Supplied data START

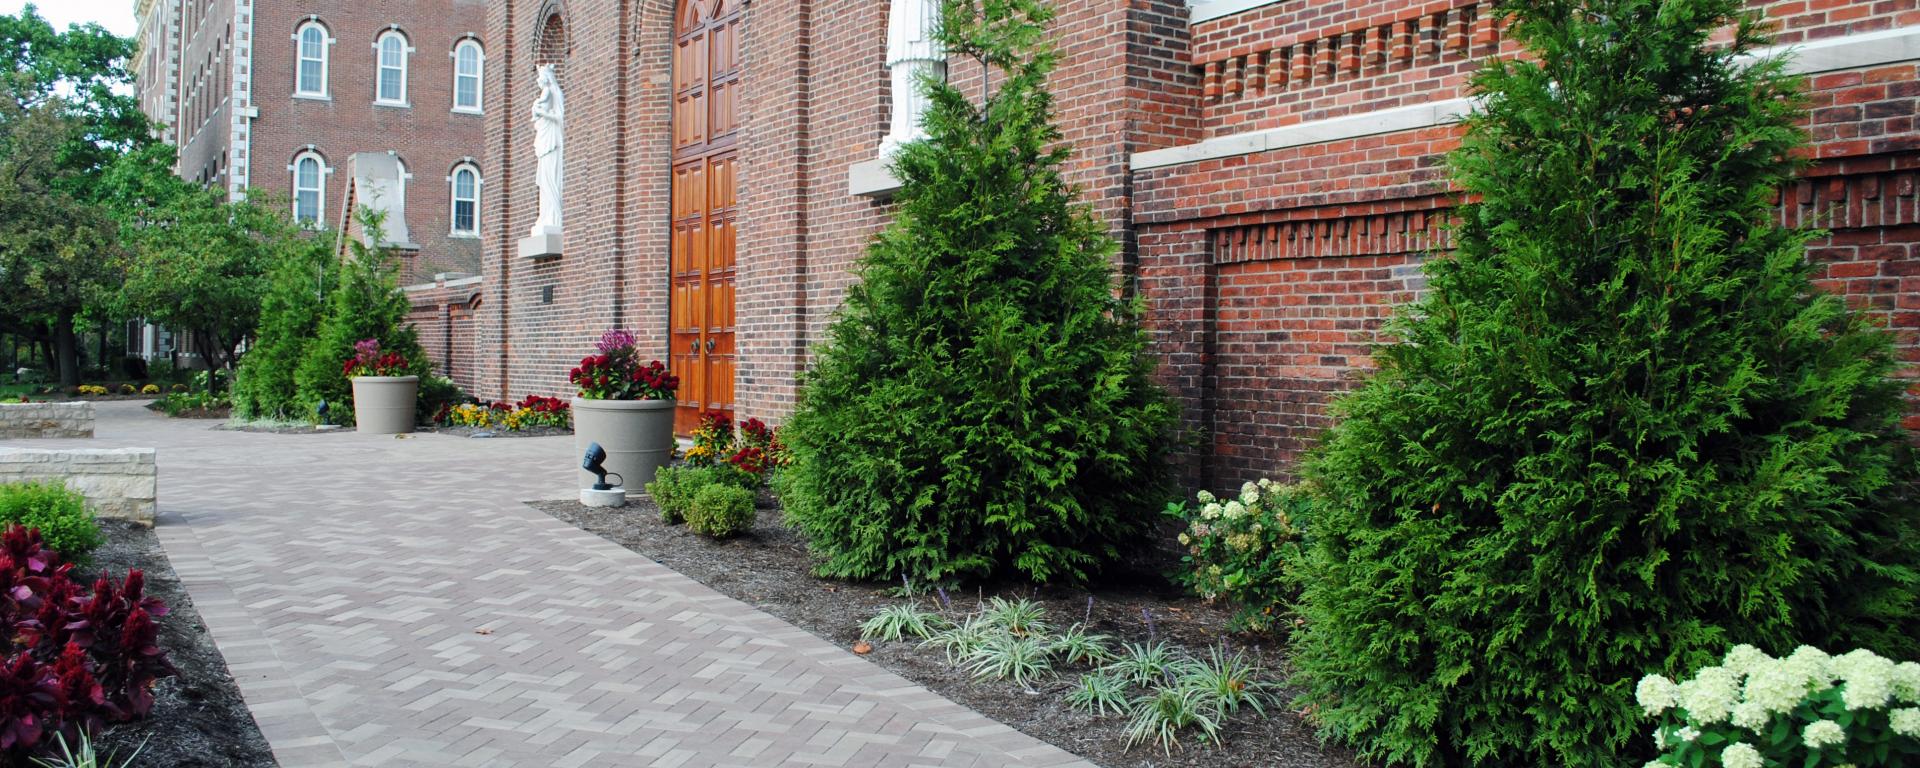 entrance and landscaping outside of chapel
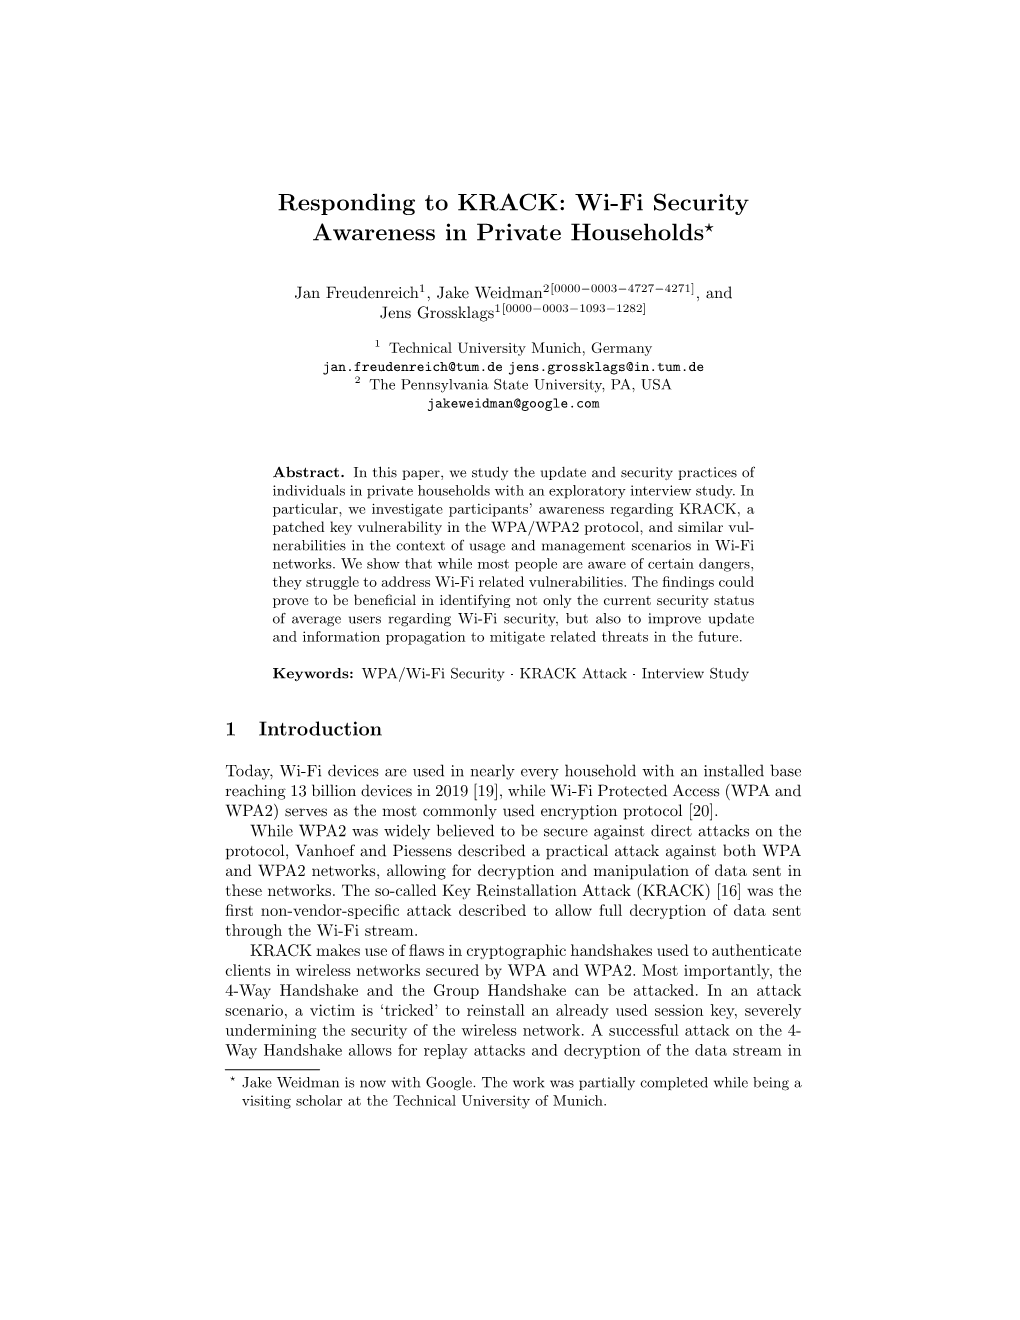 Responding to KRACK: Wi-Fi Security Awareness in Private Households?
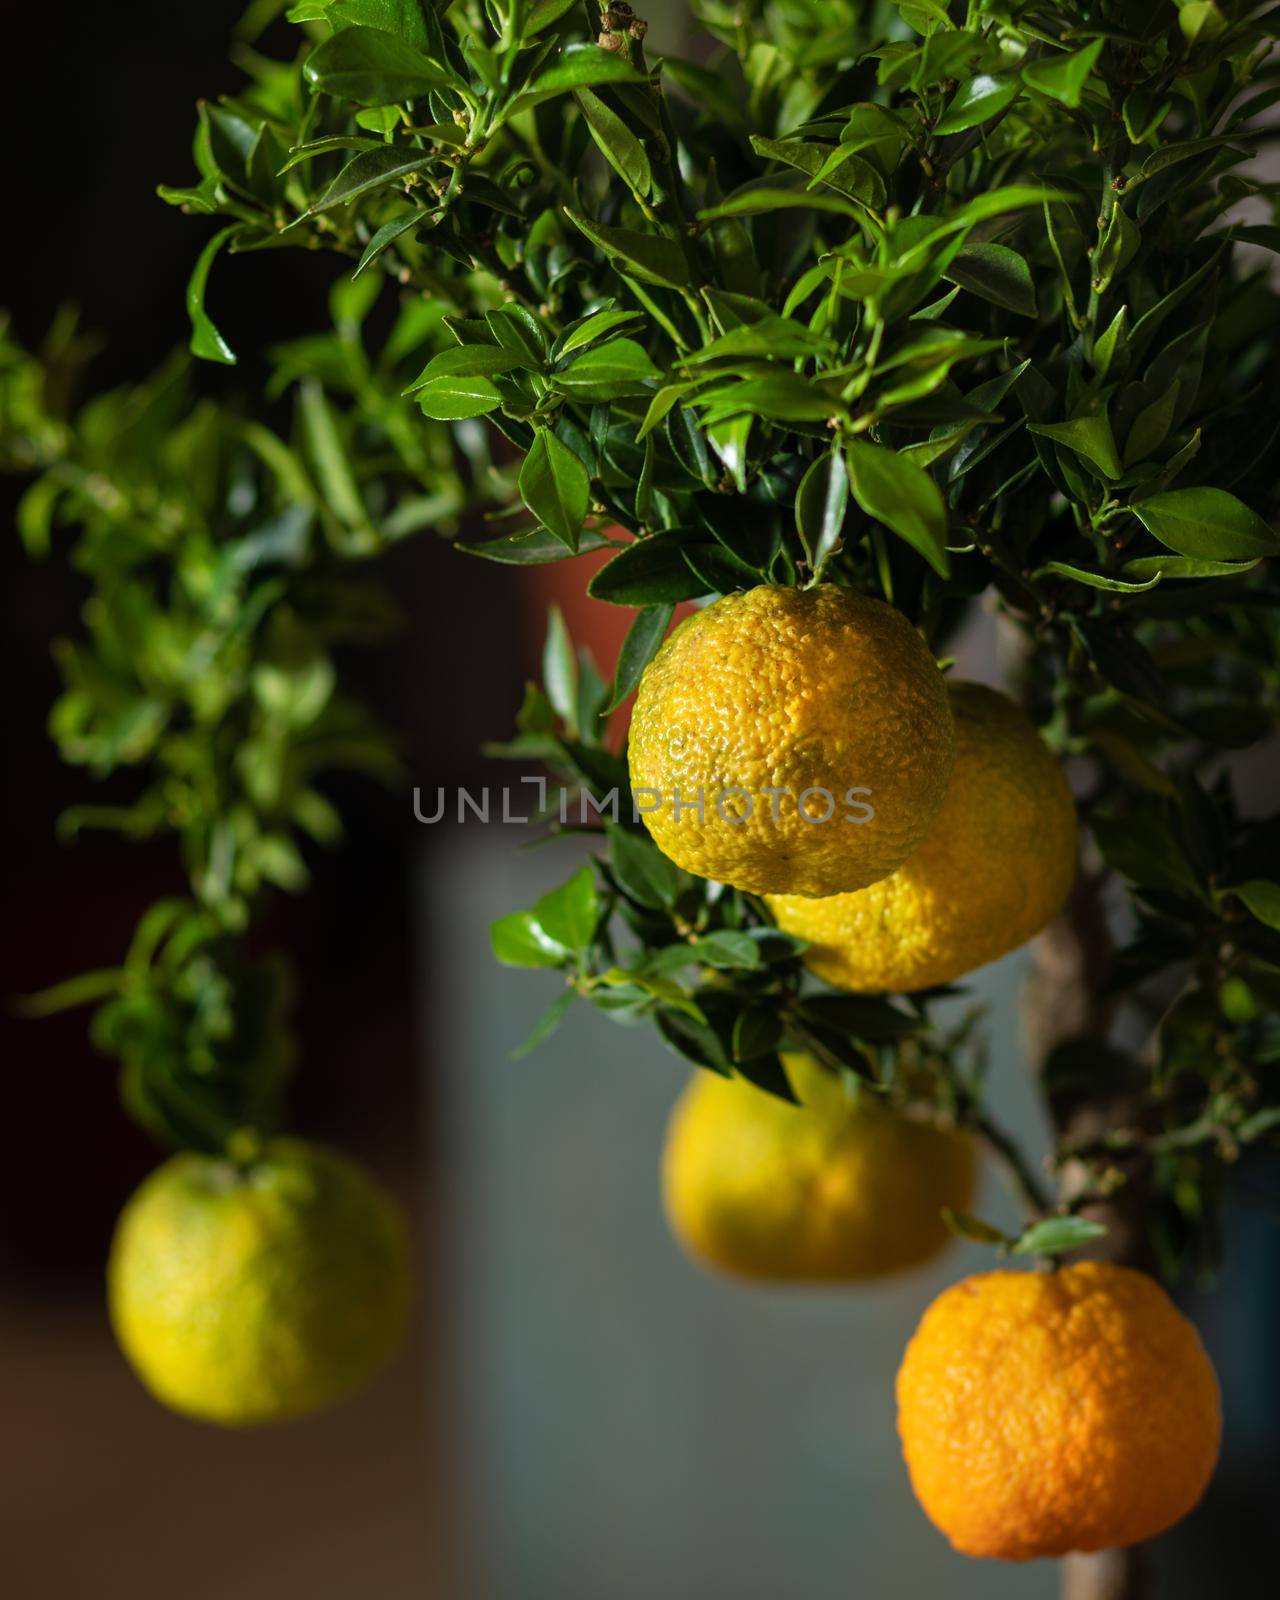 Lemon plant close up with dark background by ferhad

Supplied data END

Copy the data above word for word. Pictures stay out.

Response to this exercise:
 entrance and landscaping outside of chapel
 Responding to KRACK: Wi-Fi Security Awareness in Private Households?
 Lemon plant close up with dark background by ferhad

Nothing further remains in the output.